“My Growing Life” — guest post by Antonia Kanczula

April 30, 2012

Antonia Kanczula is a writer, freelance journo, City University London MA student and full-time London enthusiast. This week she’s agreed to tell us about her experiences growing in London.

London is many things – noisy, frenetic and downright expensive – but chiefly, it’s surprising. And no more is this true than when it comes to producing food. If you look past the gridlocked traffic and the high rises, you’ll stumble across industrious people growing tomatoes on a balcony, cultivating a vineyard, tending to an orchard on a roadside verge or transforming skip into a mobile allotment. Londoners are VERY good at making the most of the little space they have.

You’d think I lived in some rural idyll from my slideshow. In fact I reside in particularly built-up and grey corner of north London and yet within a short schlep of my house I can source locally laid eggs and locally made honey (from the wilds of Tottenham Marshes), embark on an organised foraging expedition, pick fresh fruit and vegetables at one of the UK’s best PYOs, visit a city farm and an award-winning community allotment.

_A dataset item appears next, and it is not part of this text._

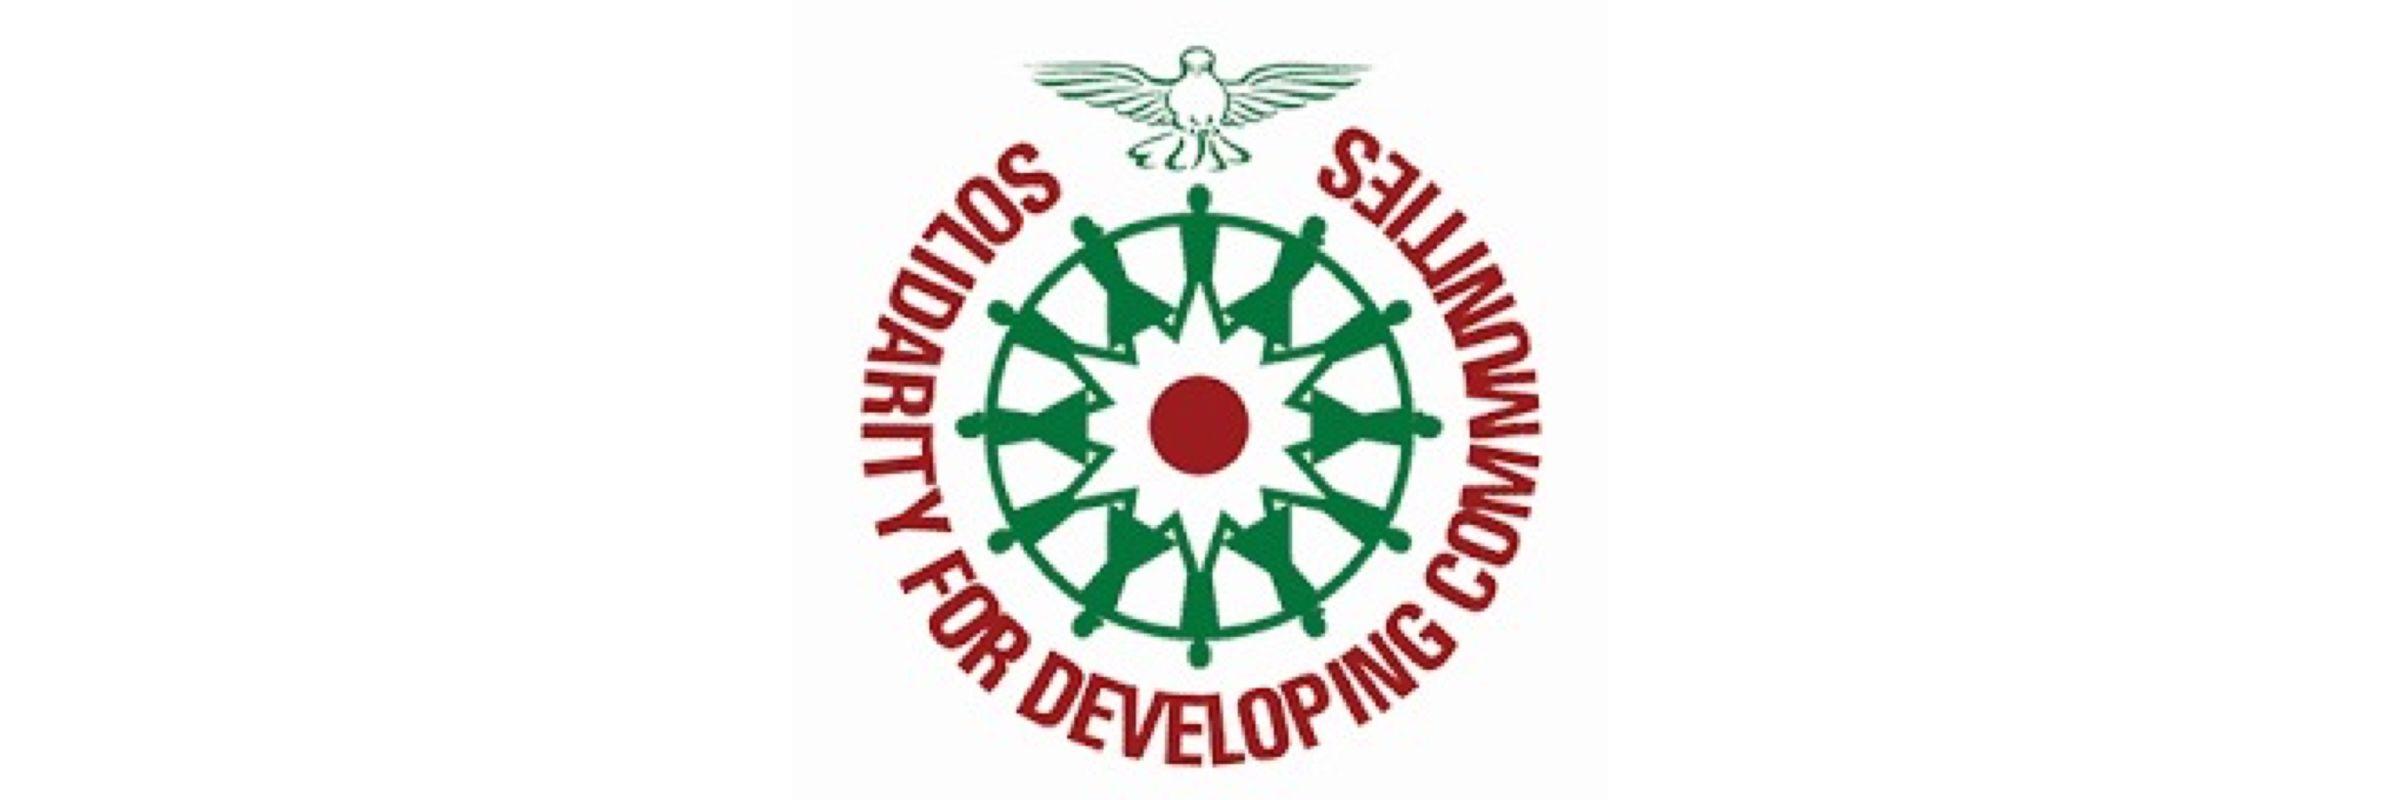 Solidarity For Developing Communities
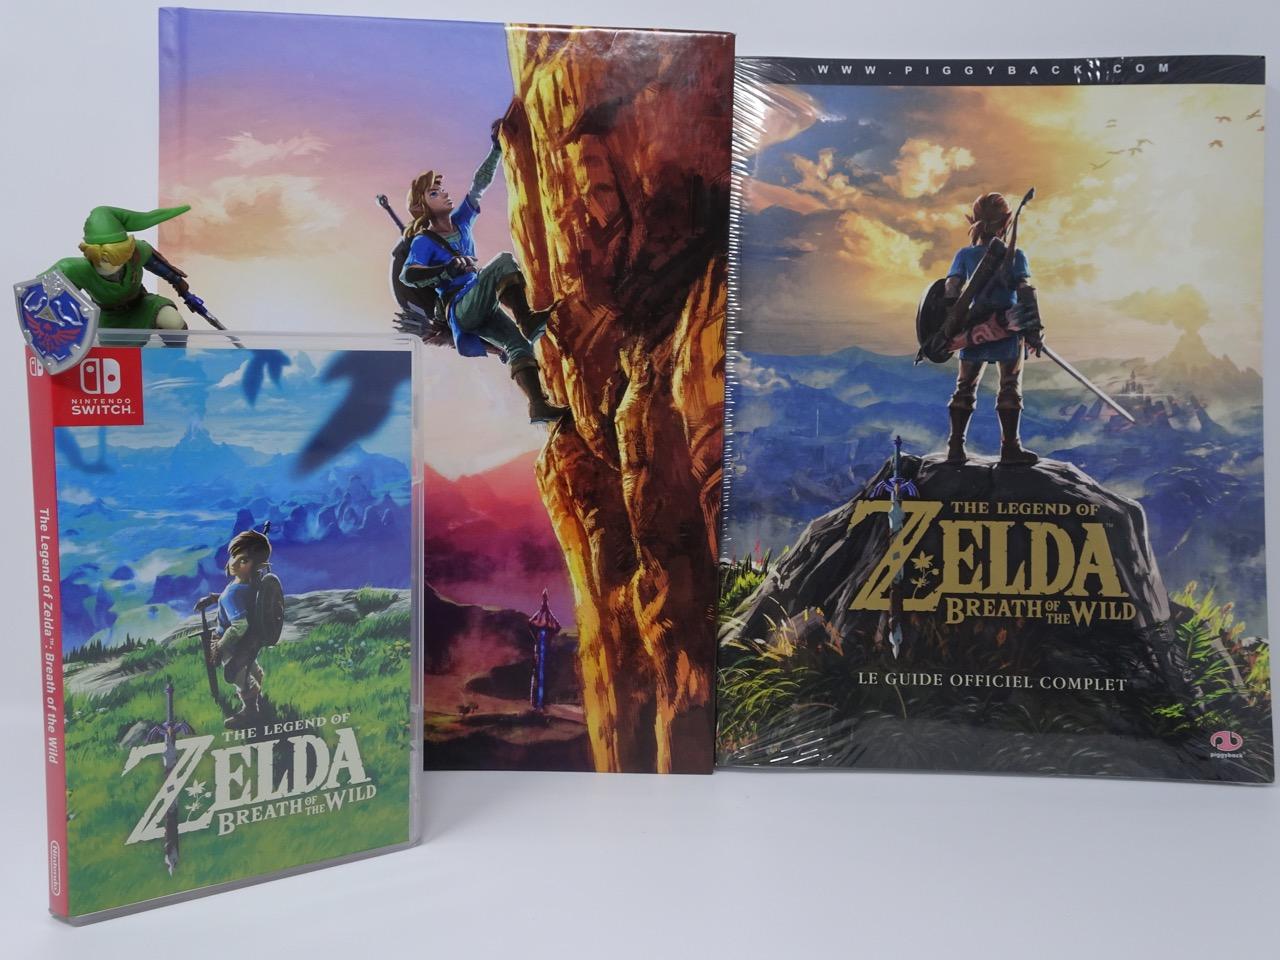 Livre Guide Officiel De Zelda Breath Of The Wild A Moi

And, crucially, I have just about enough room to grow some of my own produce.

This is my garden in a former life.

Now it’s more like this.

Tucked away in the right-hand corner, you can see it if you squint, is my plot. And for the past two summers, despite a total absence of horticultural know-how on my part and the obvious space restrictions, this 4ft by 4ft patch has proved pretty fruit (and veggie)ful. It’s yielded a bounty of delights including sprouting broccoli, potatoes, rocket, runner beans, beetroot, rhubarb, tomatoes, chard, spinach, courgettes, kale, and blackcurrants.

It almost goes without saying that home-grown green stuff is cheaper and infinitely tastier than what what’s on offer in supermarket aisles, but for me, the chief benefit is the simple pleasure of growing. There can be few more gratifying things than harvesting and eating some food you’ve grown.

If I (an utter novice, on a budget, in a heavily urbanised area with limited space and time) can produce a modest crop, anyone can. So, I thought I’d pass a handful of foolproof tips.

  1. Get composting. All the organic waste from my home goes into a composter and back (eventually) on to the soil. My veggie patch gets a nourishing injection of nutrients – and a load of worms – with virtually no effort or expense. And I cut down on household waste. Find out if your local authority provides subsidised or free bins (most do).
  2. You don’t have to fritter lots on seeds and plants. Seek out council or volunteer-run garden centres, rather than relying on the likes of Homebase. These smaller nurseries aren’t so easy to find but they are much cheaper and their stock is usually better quality. Plus, like my nearest one, they often run outreach schemes for school children and vulnerable people, so you support their valuable work with your purchases.
  3. If you’re a space-poor gardening beginner, ponder a few factors when you’re deciding what to grow. Weigh up what you like to eat (doh!), versus what’s easy to grow and hardy should you neglect it, how much space it occupies, what it costs to buy in the supermarket and how tasty it is in shop-bought form. For instance, home-grown potatoes are delicious but they’re also patch-hoggers and relatively cheap to buy, so not always worth the effort.
  4. Fair enough, you want to make the most of your tiny plot but don’t get too excited and overplant. Give things space. A tomato plant on its own and tended to properly will produce more than three plants crammed into one pot.
  5. Start small and build your growing confidence with herbs. Mint, thyme, chives and rosemary are virtually failsafe. Keep in pots or troughs close to your kitchen so they’re within easy picking reach and you can benefit from the aroma on a balmy summer’s day.
  6. Gardening blogs and books can be intimidating. Get yourself some non-jargony guides and bookmarks; my favourites are fennelandfern.co.uk, The Thrifty Gardener by Alys Fowler and New Urban Farmer by Celia Brooks Brown.
  7. If you’re lucky enough to have space, get some bee-friendly, wildlife-alluring plants such as scabious, verbena and the mauve wallflower erysimum.
  8. And continuing on from that, don’t consign your crops to a hidden part of your plot; mix attractive-looking plants in with your flower beds. The inky green leaves of cavallo nero and rainbow-coloured Swiss chard deserve top billing, for example.
  9. Urban foxes are nothing short of a pesky nuisance. Deter them and their voracious digging by planting plenty of spikey plants, avoiding fish, blood or bone meal fertilisers (which they mistake for buried food) and cultivating any delicate crops like lettuce in table top troughs. See www.harrodhorticultural.com.
  10. Irrespective of whether there’s a hosepipe ban, be water wise. Get yourself a cheap and unobtrusive slimline water butt. And use nettles as a thrifty plant food; how-to details here.